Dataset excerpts
%%

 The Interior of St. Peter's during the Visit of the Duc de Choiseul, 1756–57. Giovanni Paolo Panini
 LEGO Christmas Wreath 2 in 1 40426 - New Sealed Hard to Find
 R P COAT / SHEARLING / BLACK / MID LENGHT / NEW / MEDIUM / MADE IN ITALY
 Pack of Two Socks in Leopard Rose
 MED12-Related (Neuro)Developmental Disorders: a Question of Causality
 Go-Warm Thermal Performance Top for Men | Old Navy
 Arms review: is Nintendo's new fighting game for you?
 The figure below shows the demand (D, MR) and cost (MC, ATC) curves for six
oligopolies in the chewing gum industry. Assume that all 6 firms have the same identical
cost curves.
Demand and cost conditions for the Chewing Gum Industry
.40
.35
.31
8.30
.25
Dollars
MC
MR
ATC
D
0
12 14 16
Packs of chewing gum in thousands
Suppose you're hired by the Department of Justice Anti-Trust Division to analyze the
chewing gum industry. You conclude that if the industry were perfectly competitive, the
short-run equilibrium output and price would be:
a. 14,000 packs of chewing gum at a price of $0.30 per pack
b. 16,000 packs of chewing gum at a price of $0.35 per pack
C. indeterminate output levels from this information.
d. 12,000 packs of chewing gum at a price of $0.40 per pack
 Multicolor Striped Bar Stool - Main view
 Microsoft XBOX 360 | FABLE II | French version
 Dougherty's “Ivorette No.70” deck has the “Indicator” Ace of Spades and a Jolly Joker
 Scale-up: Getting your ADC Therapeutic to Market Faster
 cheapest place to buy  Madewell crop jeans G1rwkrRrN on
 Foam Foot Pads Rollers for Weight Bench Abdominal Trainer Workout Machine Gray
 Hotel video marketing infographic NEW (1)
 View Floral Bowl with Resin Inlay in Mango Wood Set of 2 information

%%

# What the task requires
Transcribe exactly, and only, the lines that extend from the one containing "Scale-up: Getting your" to the end of the records above, inclusive of both.

# Task solution
 Scale-up: Getting your ADC Therapeutic to Market Faster
 cheapest place to buy  Madewell crop jeans G1rwkrRrN on
 Foam Foot Pads Rollers for Weight Bench Abdominal Trainer Workout Machine Gray
 Hotel video marketing infographic NEW (1)
 View Floral Bowl with Resin Inlay in Mango Wood Set of 2 information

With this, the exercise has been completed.